Осмотрите место, где была обнаружена машина. Подступы и окрестность.
Тщательно -- каждый кустик, каждую травинку! Поговорите с местными жителями.
Может, кто-нибудь видел, как на ней приехали. Может, кто-нибудь разглядел и
запомнил этих людей... Вечером доложите мне подробно, что и как... И будьте
внимательны!..
39. АЛЕХИН
-- Пшепрашем, пани, -- сказал я Гролинской и, чтобы скрыть волнение,
улыбнулся. -- Что это?
-- Цо? -- Она обернулась и посмотрела в угол возле печки, куда я
указывал.
-- Вот. -- Я нагнулся за скомканным листком целлофана, увидел второй,
присыпанный мусором, и поднял оба.
-- Это... у официэров. -- Она указала в сторону свежеубранной комнатки,
где вчера помещались Николаев и Сенцов.
Я уже расправил листки, убедился, что они сальные внутри и
соответствуют по размерам. У меня сразу пересохло в горле.

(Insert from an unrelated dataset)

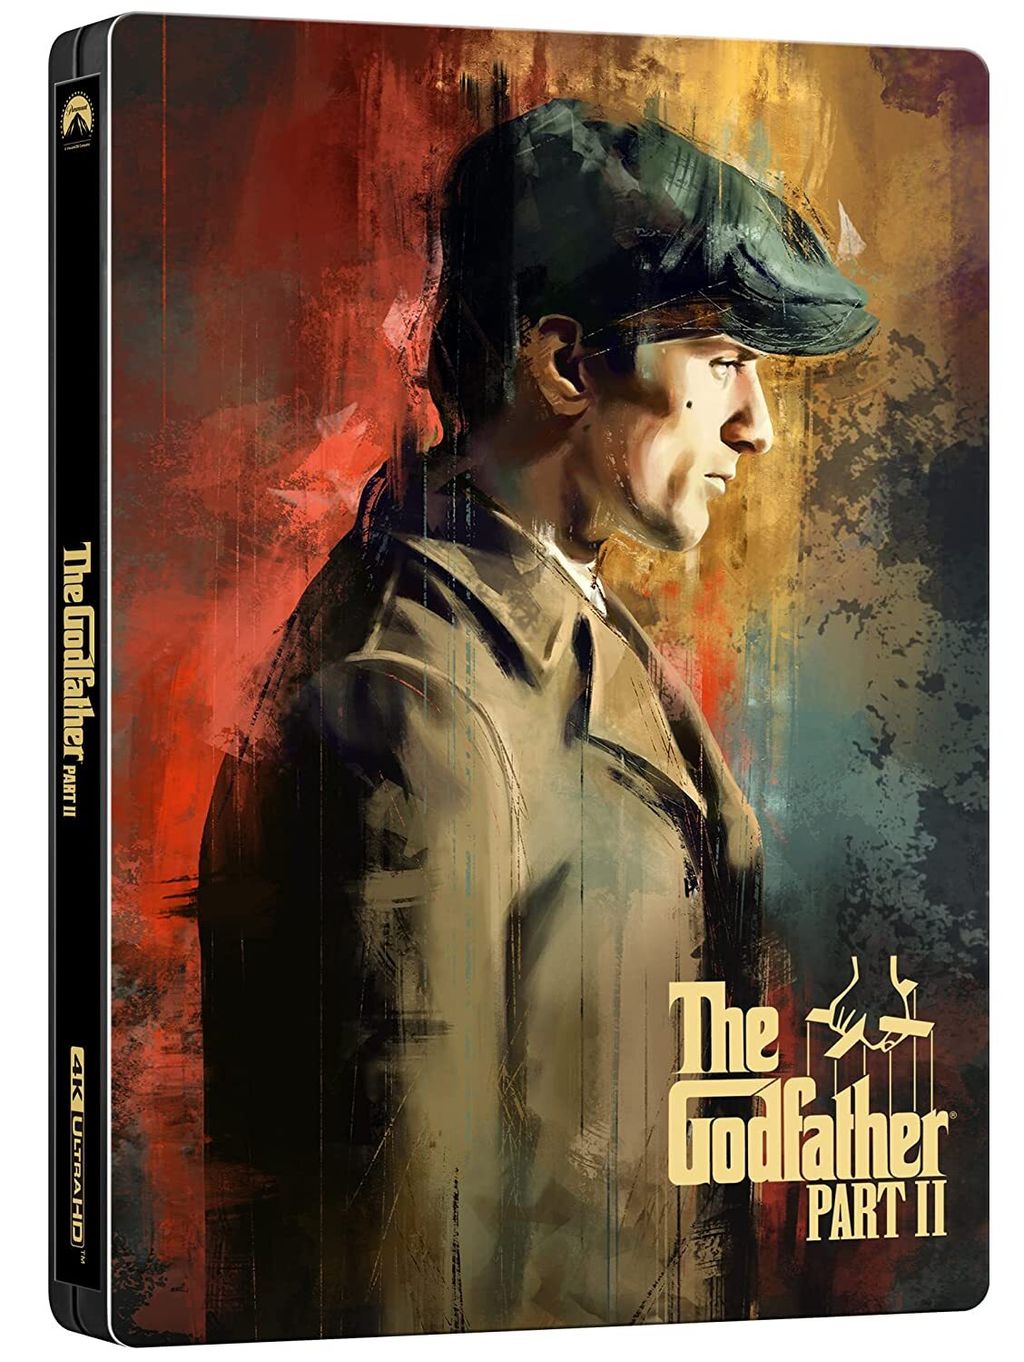 THE GODFATHER Part II 4K Ultra-HD Limited Edition STEELBOOK2

С пани Гролинской приходилось говорить по-другому: предыдущая
конспирация исключала разговор по существу дела. Я отпустил капитана и
предложил ей пройти в большую комнату, где мы сели у стола.
-- Пани, -- сказал я, -- вы умеете молчать?
-- Так. -- Она в недоумении глядела то мне в лицо, то на помятый
целлофан.
-- Я буду с вами откровенен...
-- Ежи! -- побледнев, воскликнула она.